The lofty altitude of this plateau, and the precipitous fronts of its rimming mountains, bespeak, for its neighborhood, scenes of grandeur,—waterfalls, gorges, mad streams, crags, and forests which, when looked upon from above, with their appalling hush, wave back the observer. Whiteside, a few miles from the village, is a point which no sojourner in the mountains should fail to visit. A sight down a precipice’s “headlong perpendicular” of nearly 2,000 feet has something in it positively chilling. As the observer to secure a fair view lies flat on the ground with part of his head projected over a space of dread nothingness, the horrible sensations created, which in some minds culminate in an overpowering desire to gently slip away and out in air, are fancifully attributed to the influences of a “demon of the abyss.” The pure, apparently tangible air of the void, and the soft moss-like bed of the deep-down forest bordered by a silver stream, have an irresistible fascination, especially over one troubled with ennui. Get the guide to hold your feet when you crawl to the verge.
There is a grand mountain prospect from the summit of Whiteside. The landmarks of four states are crowded within the vision. Mount Yonah, lifting its head in clouds, is the most marked point in Georgia; a white spot, known as the German settlement of Walhalla, is visible in the level plains of South Carolina; the Smoky Mountains bounding Tennessee line the northwestern horizon, and on all sides lie the valleys and peaks of the state, in which the feet of Whiteside are rooted.

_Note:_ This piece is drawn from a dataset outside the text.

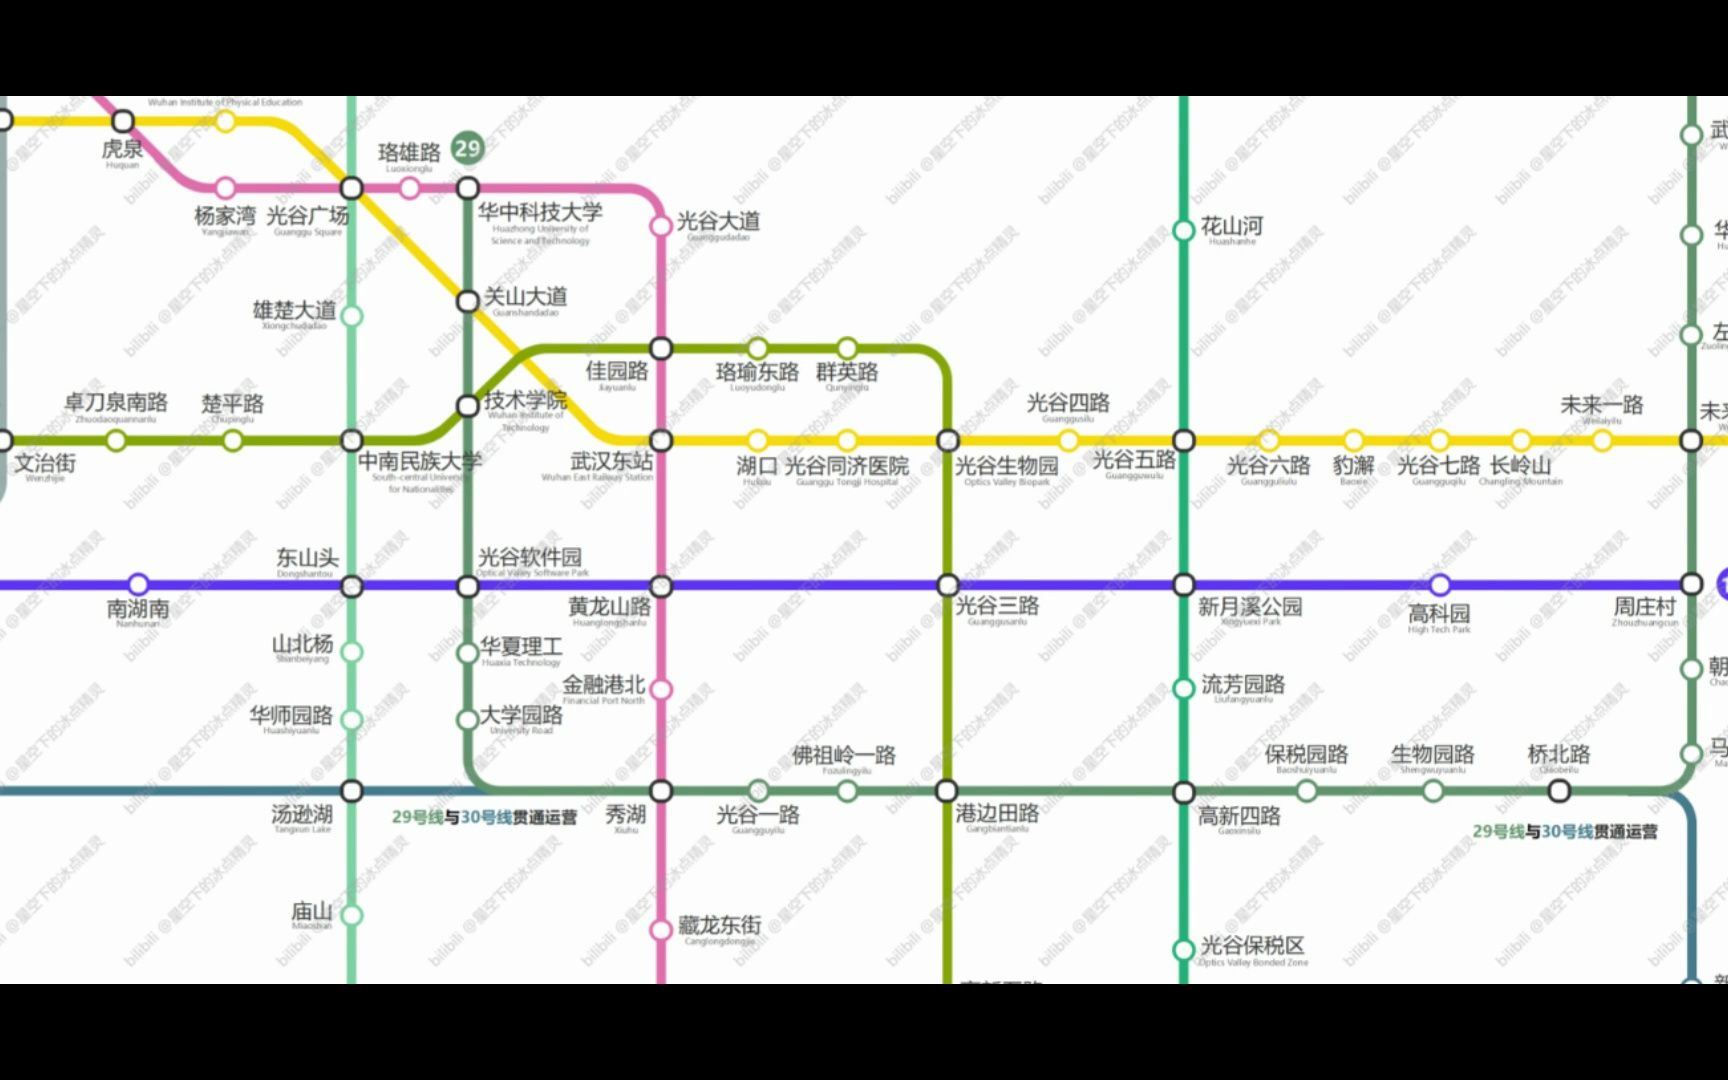 武汉地铁2030年规划图图片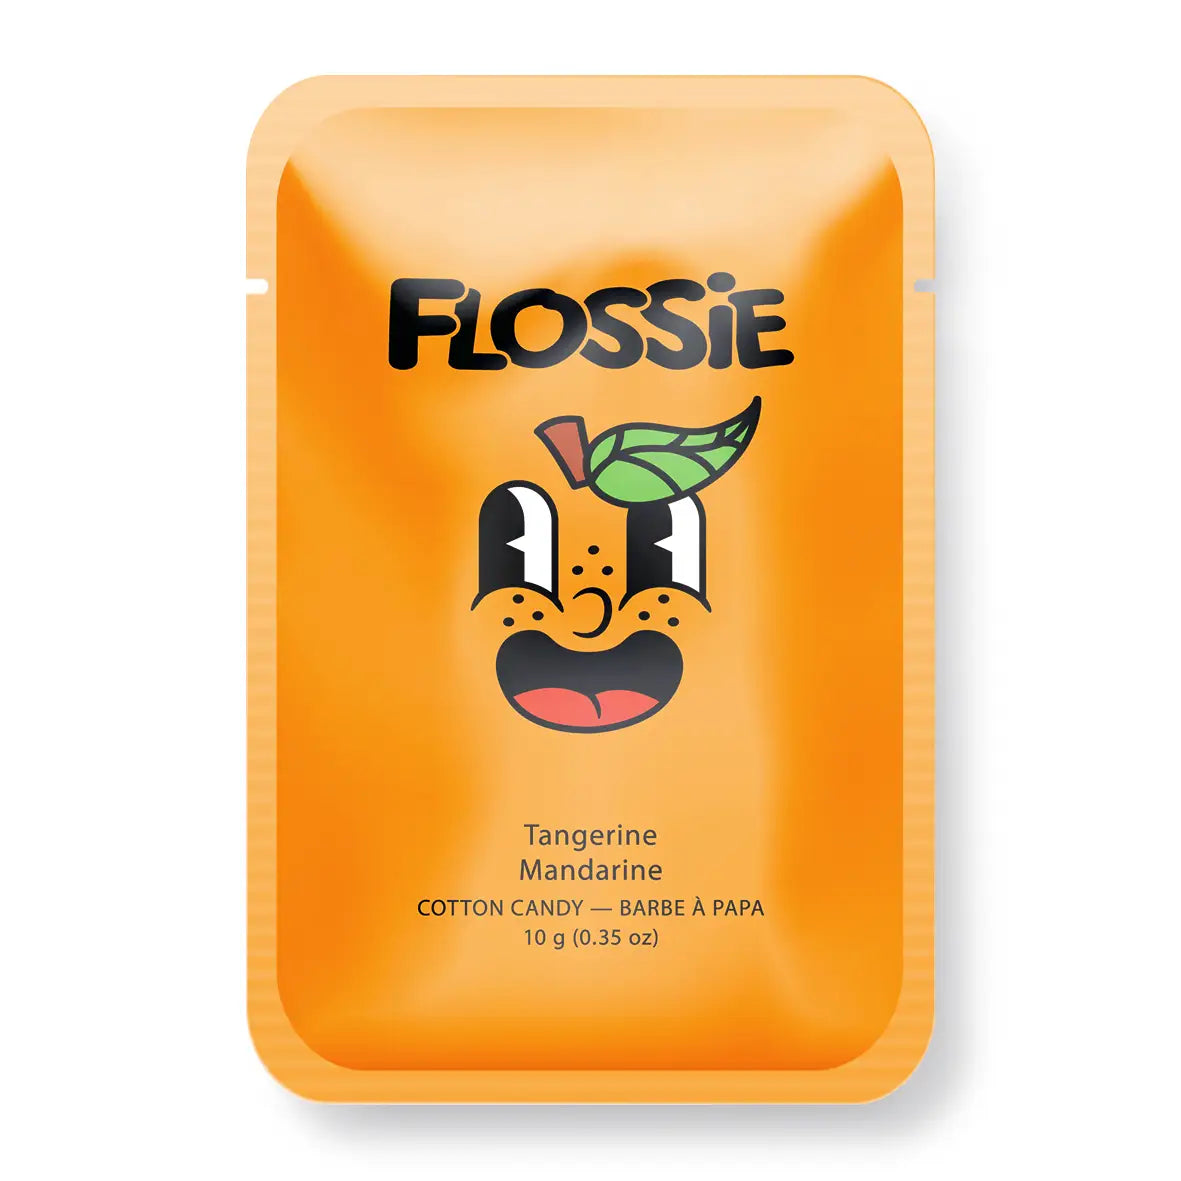 Flossie Tangerine Cotton Candy

The falls of Omakaluka creek, three miles west of Highlands, are a succession of cascades, 400 feet in descent. The most noteworthy cataract, of the plateau region, is located about four miles from Highlands, and known as the Dry Fall of the Cullasaja. The name was given, not for the reason of the fall being dry, but because of the practicability of a man walking dry-shod between the falling sheet of water and the cliff over which it plunges. The way to reach it is by the turnpike wending toward Franklin twenty-two miles from Highlands. This road is smooth as a floor, and runs for miles through unfenced forests, principally of oak and hemlock. After pursuing it for three miles, a sign board will direct you to turn to your left down a slope. You can ride or walk, as suits your convenience. It is a pleasant ramble along a wooded ridge, before you reach the laureled bank of the river. Meanwhile the solemn and tremendous roar of the cataract has been resounding in your ears; and it is therefore with a faint foreshadowing of what is to be revealed that you pass between the shorn hedge of laurel, to the edge of a cliff, below which, between impending cañon walls, fringed with pines, leaps the waters of the Cullasaja, in a sheer descent of ninety feet.
The descent from Highlands into the level valley of the Cullasaja is one possessing panoramic grandeur to an extent equalled by but few highways in the Alleghanies.
Six waterfalls lie in its vicinity. Down the wooded slope winds the road, at times sweeping round points, from which, by simply halting your horse in his tracks, can be secured deep valley views of romantic loveliness.
On this descent a series of picturesque rapids and cascades enlivens the way; and, in a deep gorge, where, on one precipitous side the turnpike clings, and the other rises abruptly across the void, tumbles the lower Sugar Fork falls. They are heard, but unseen, from the narrow road. The descent is arduous, but all difficulties encountered are well repaid by the sight from the bottom of the cañon.
From the foot of the mountain, on toward Franklin there is little of the sublime to hold the attention. From this village the traveler en route for iron ways would better travel toward the Georgia state line, which runs along the low crest of the Blue Ridge. The road winds beside the Little Tennessee, following it through wide alluvial bottoms until this stream which, thirty miles below, is a wide and noble river, has dwindled to an insignificant creek. At Rabun gap you pass out of North Carolina.
The scenery of the southern slope of the Blue Ridge, in Northern Georgia, is justly celebrated for its sublimity and wildness. Although outside the prescribed limit of this volume, its proximity alone to the picturesque regions of the high plateau of the Alleghanies, should entitle it to some notice.